それは今から三年ほど前の「運命の人」との出会いの話。
俺が蓮二さんと初めて会った場所は、驚くなかれ「蓮二さんの部屋」だった──
「初めまして」のご挨拶がなぜか蓮二さんの部屋の中。俺は泥酔状態で蓮二さんに介抱してもらったらしい。見ず知らずの男を介抱し、自分の部屋に連れてこなきゃならない状況ってどんだけだよ……ほんと蓮二さんてば天使じゃね?
あの時の俺は仕事仲間と合コンの真っ只中だった。初めて行く飲み屋でそこそこ可愛い女の子たち。でも、いつもの事ながらピンと来る子もおらず、はっきり言ってつまんなかったんだ。

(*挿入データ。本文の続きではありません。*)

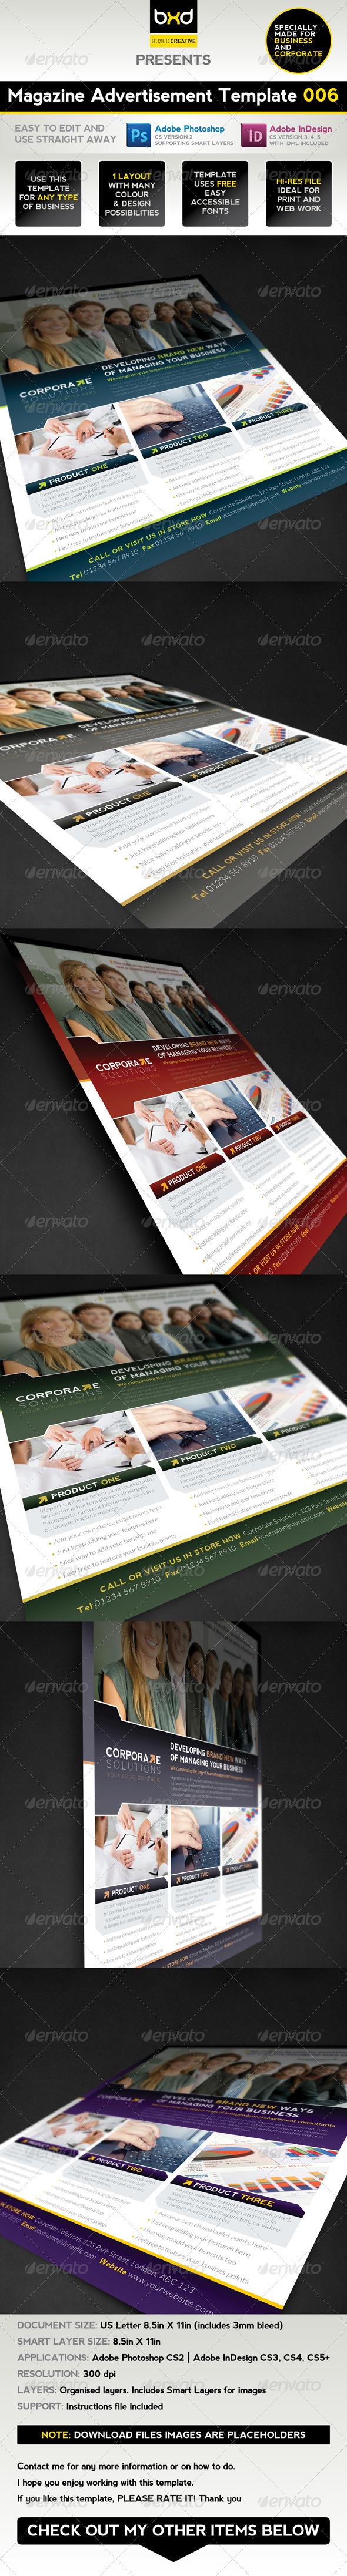 GraphicRiver Magazine Advert Template 006 1709843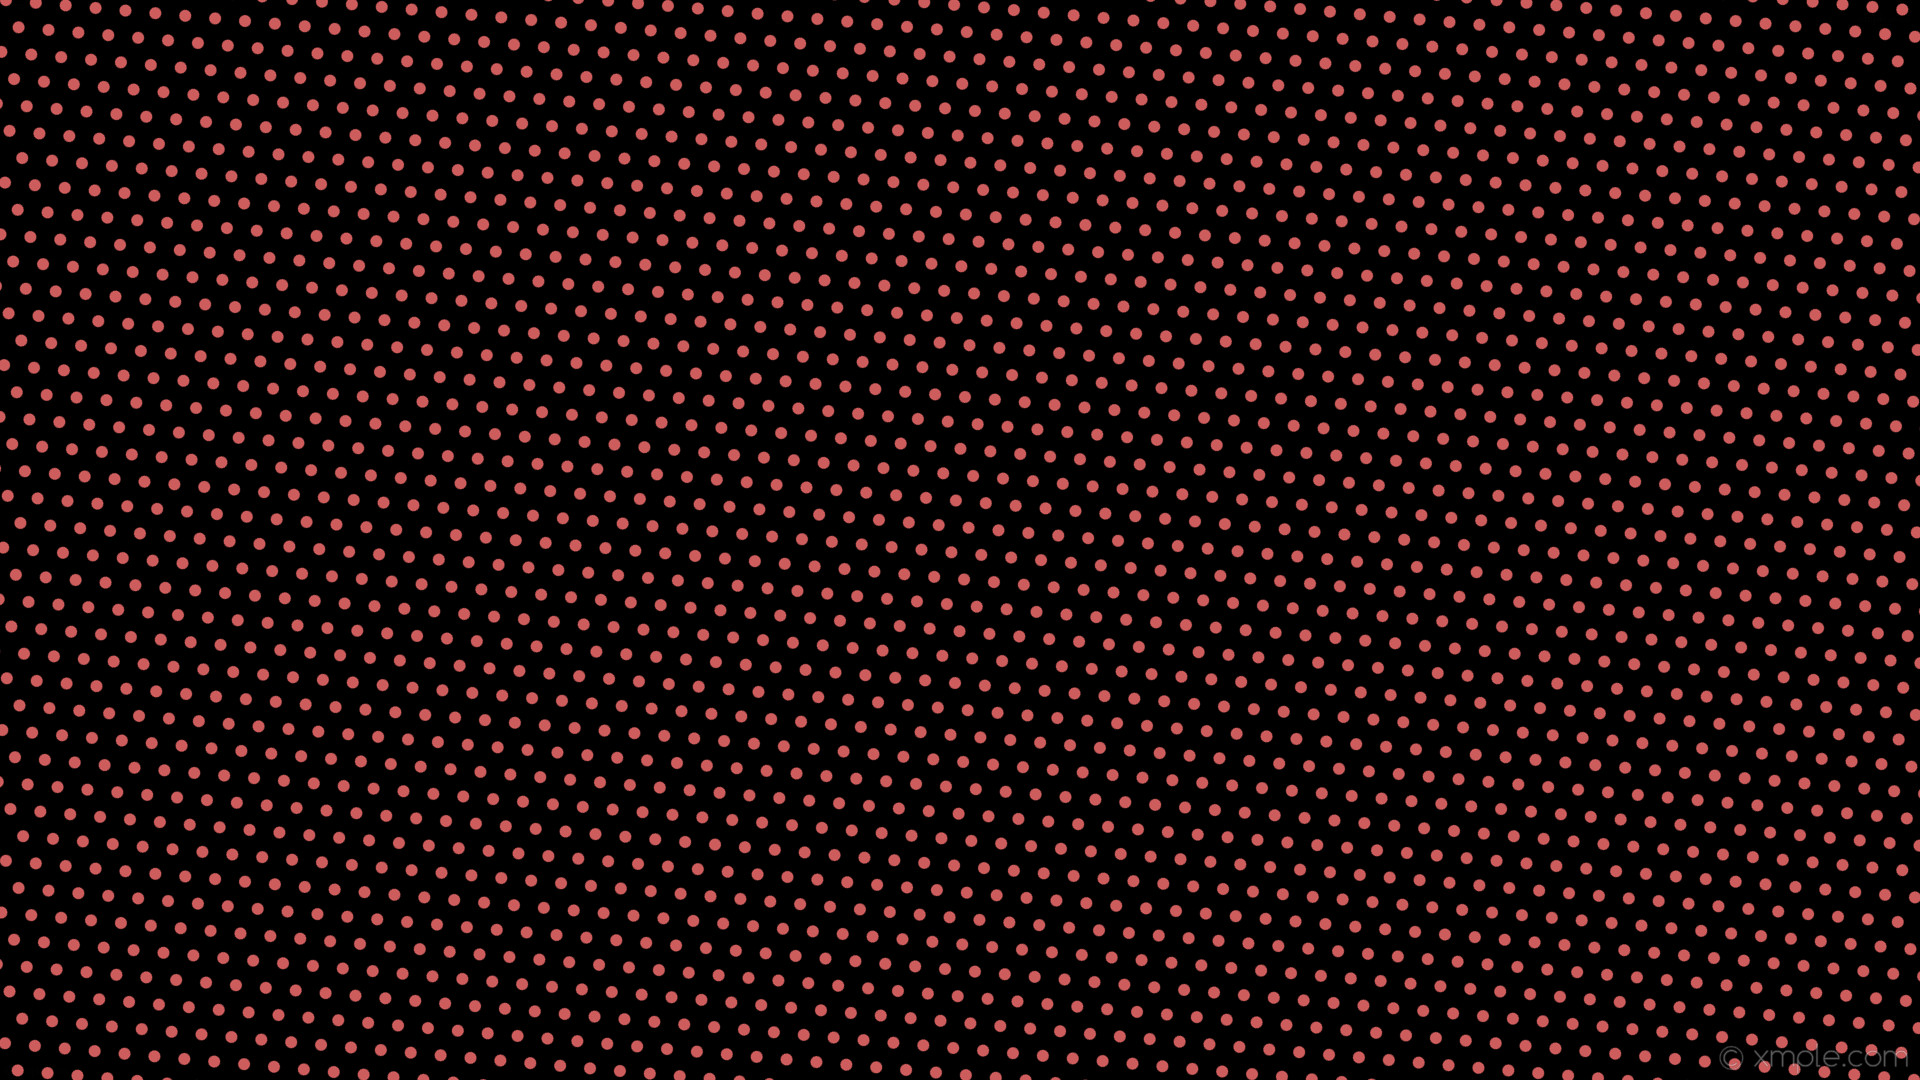 wallpaper red black hexagon polka dots indian red #000000 #cd5c5c diagonal  55° 12px

そして自慢じゃないけど俺は酒に弱い。普通の人よりほんのちょっとだけ酒に弱い。いや、酔っ払っても楽しく酔えるからいいんだけど、その日は疲れてたんだろうな。なんだか酔いのまわりが早くて、おまけに女の子の絡みがウザくて飲み過ぎてしまった。これ以上飲んだらまた潰れてしまうってわかってたんだ。でも面白がった同僚にしこたま飲まされ結局トイレから動けなくなってしまった。
記憶があるのはこの時まで。
次に気が付いた時にはもう蓮二さんの部屋だった。
目が覚めたら裸で知らない部屋。そりゃ驚いたよね。だって俺、合コンしてたんだよ? しかも気になる子もいなかったってのにさ、やべえ! って焦って横見たら裸の男が眠ってるんだもん。
正直言って昨夜の合コン相手の女の子じゃなくてホッとした。そりゃ俺は気が多いと言われても文句は言えないことをしてきたけど、相手は誰でもいいってわけじゃない。見境なく喰ったりしない。
でも、その男も裸だった。なんとなくスッキリしている自分の体の違和感に血の気がひいた。布団に隠れてよく見えなかったけど、その男の寝顔をチラッと見て、ああ俺ならやりかねないな、ってすぐに察してベッドから飛び降り土下座して謝った。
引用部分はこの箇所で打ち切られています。